_What you are asked to do_
Output all of the data exactly, keeping any images out of the copy.

_Exercise data_

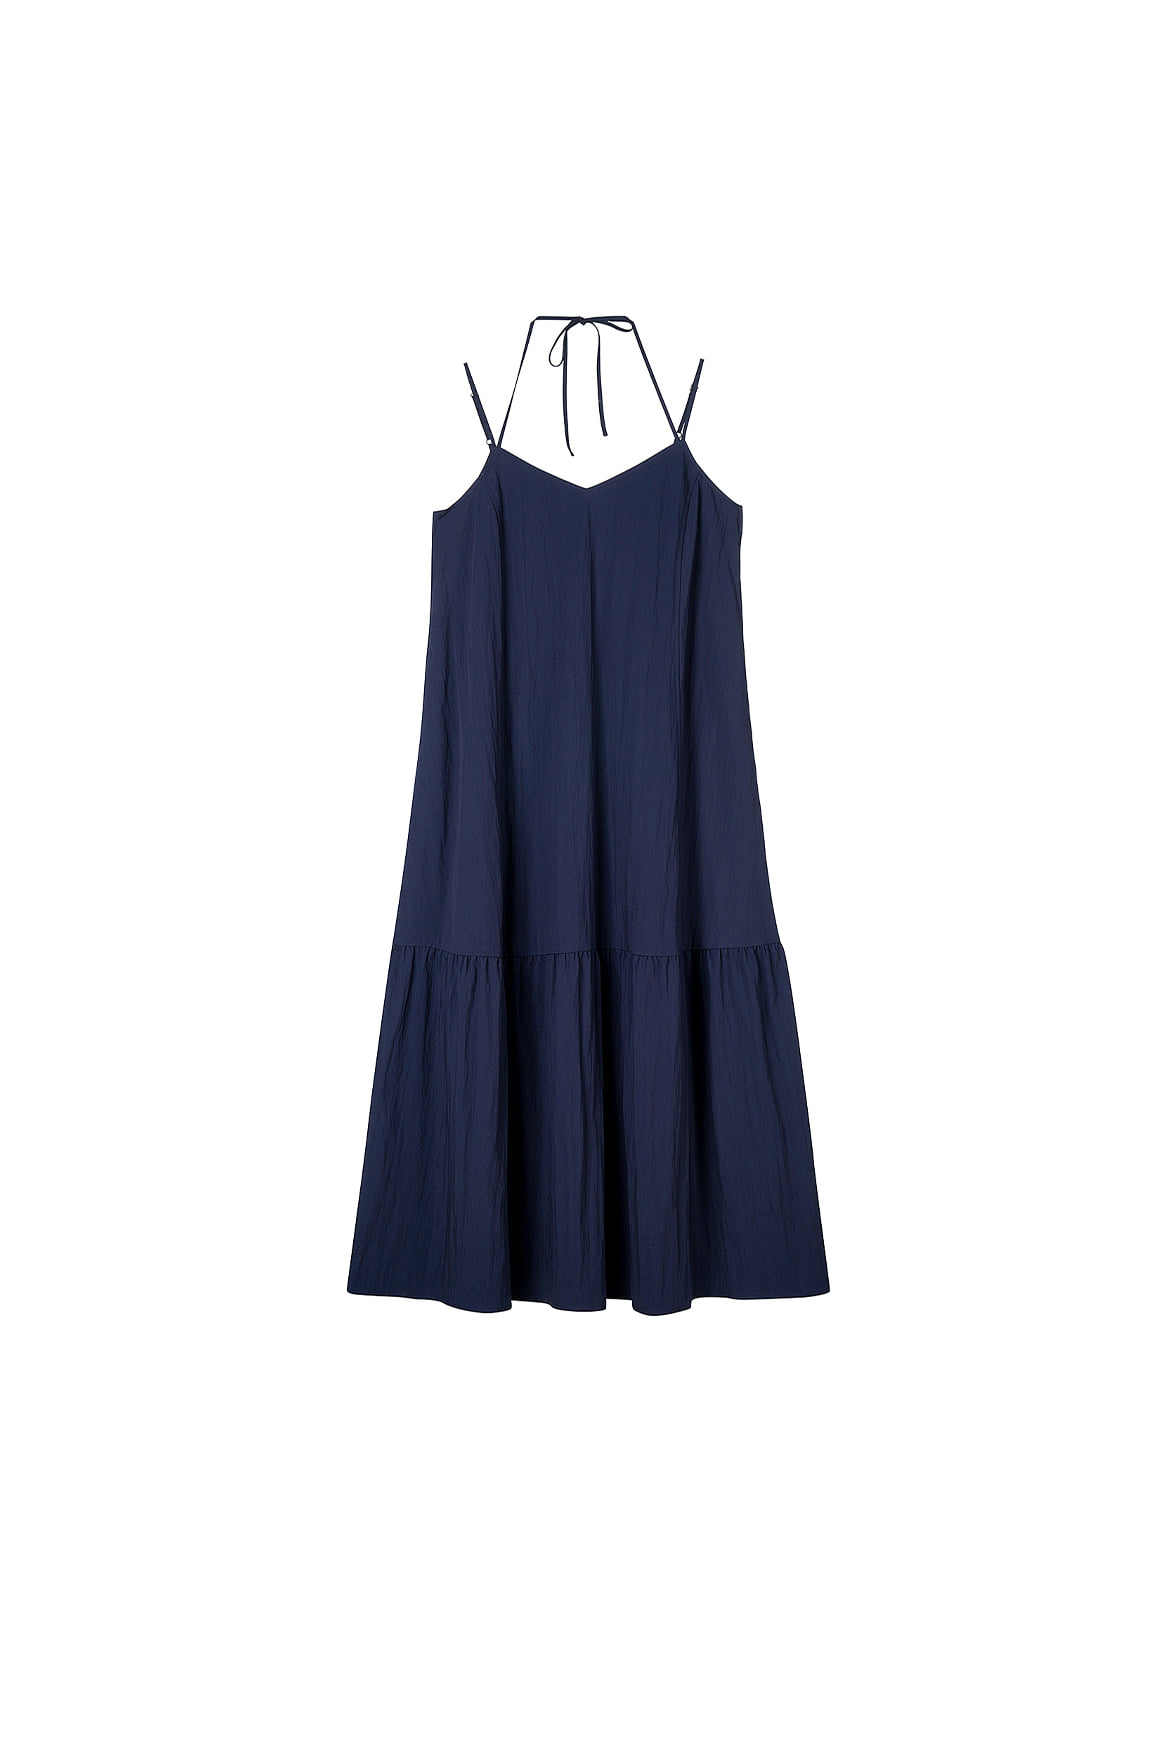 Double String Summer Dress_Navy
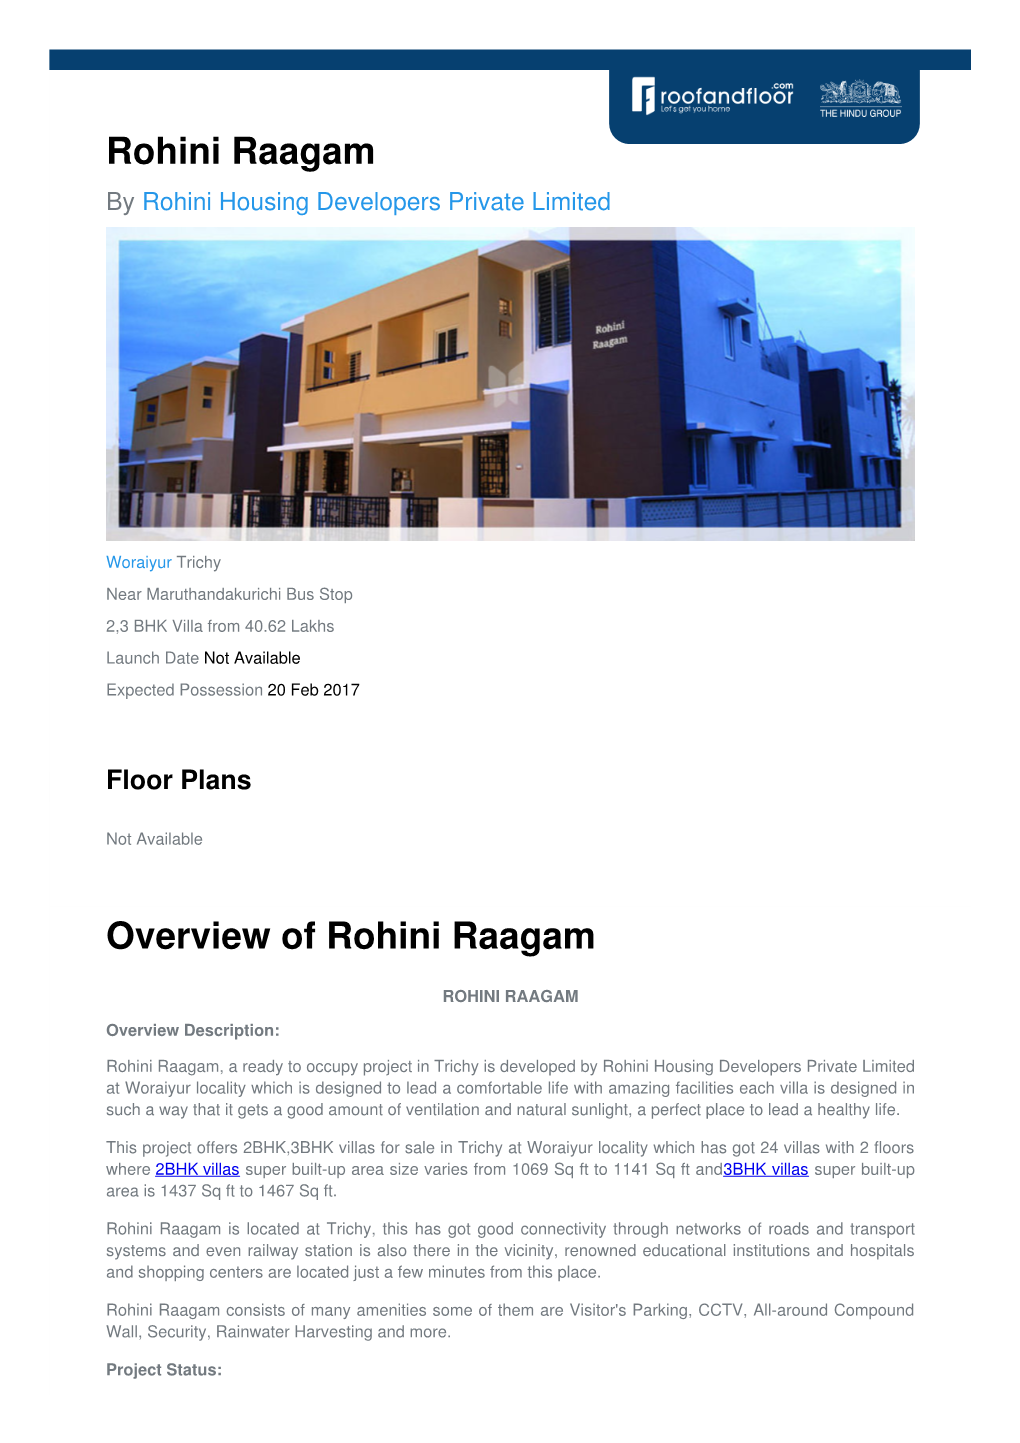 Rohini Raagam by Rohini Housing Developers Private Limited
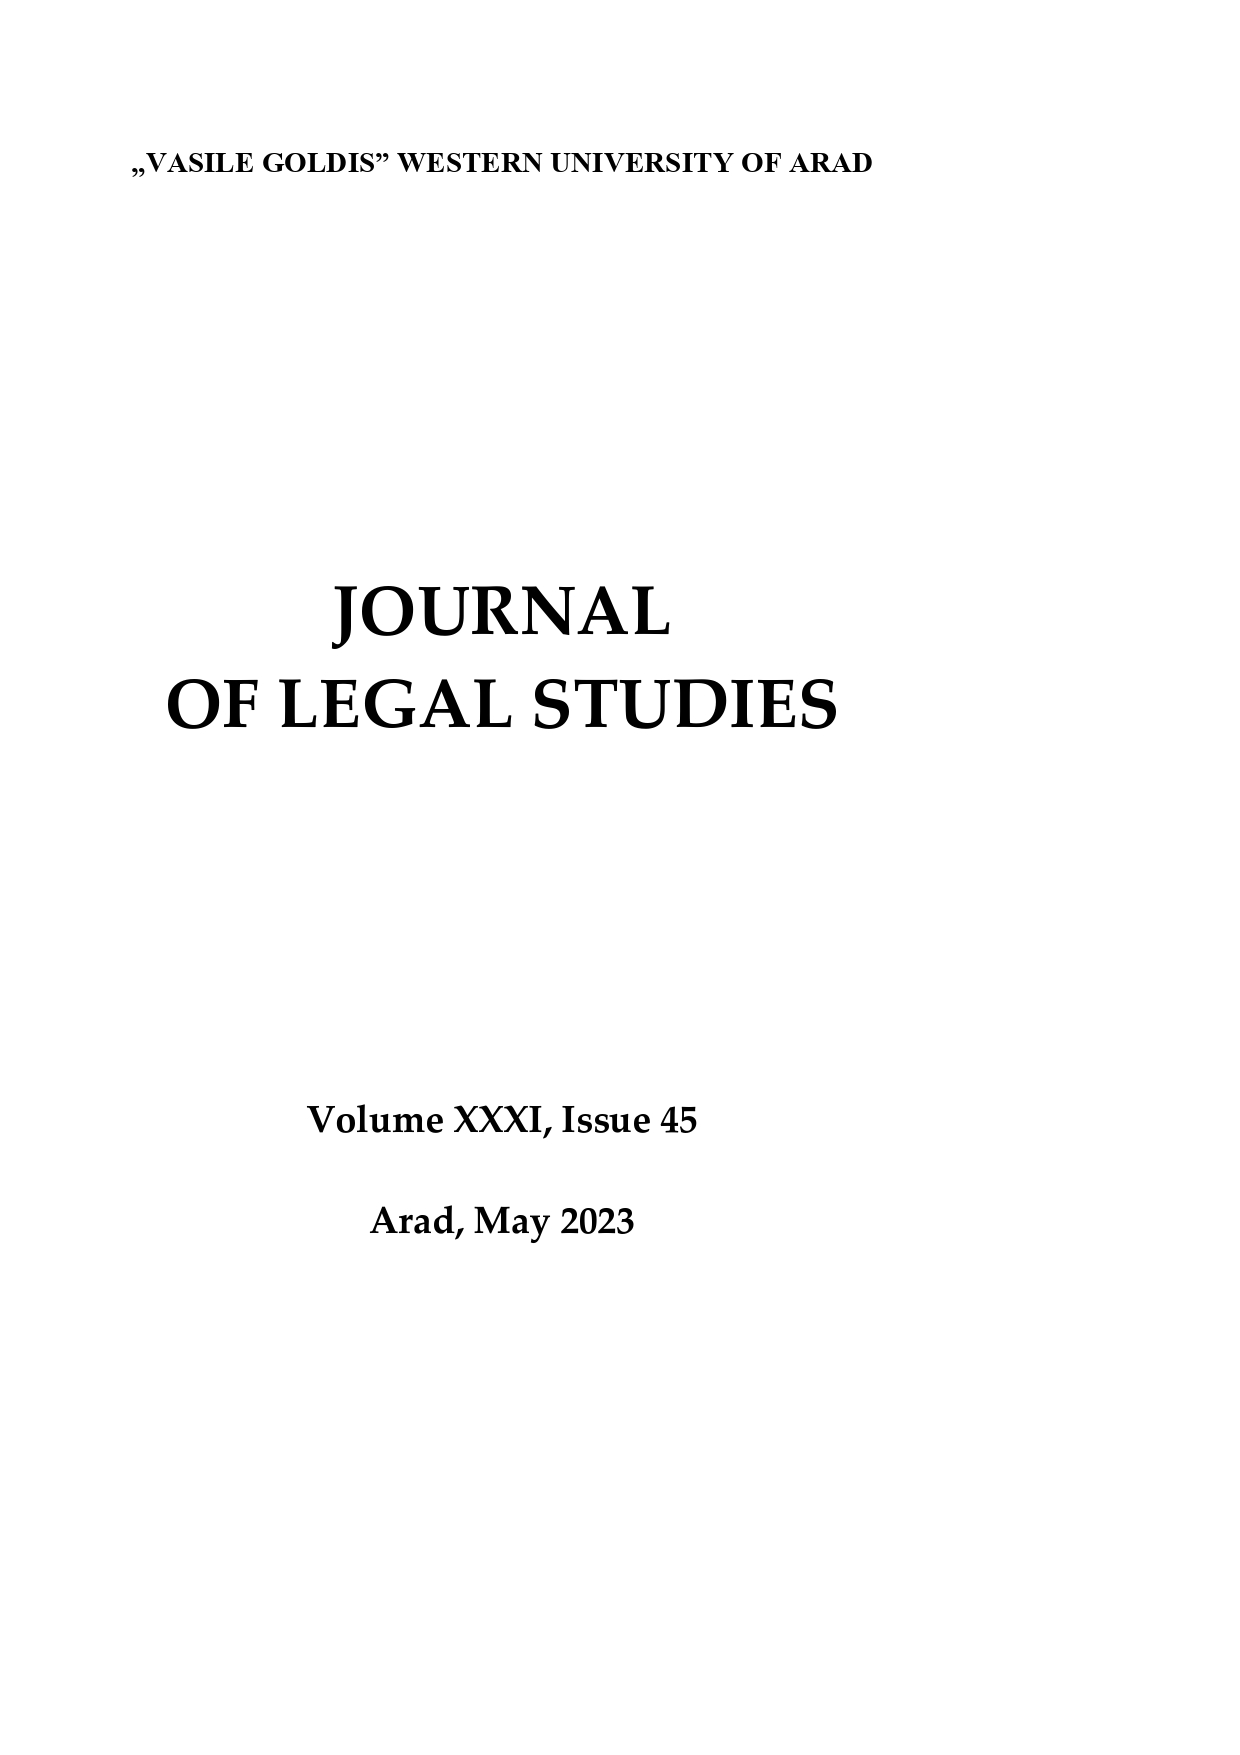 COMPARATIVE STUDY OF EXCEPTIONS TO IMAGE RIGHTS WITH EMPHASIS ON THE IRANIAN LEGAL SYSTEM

_Result below_
 Double String Summer Dress_Navy
 Rohini Raagam by Rohini Housing Developers Private Limited
 COMPARATIVE STUDY OF EXCEPTIONS TO IMAGE RIGHTS WITH EMPHASIS ON THE IRANIAN LEGAL SYSTEM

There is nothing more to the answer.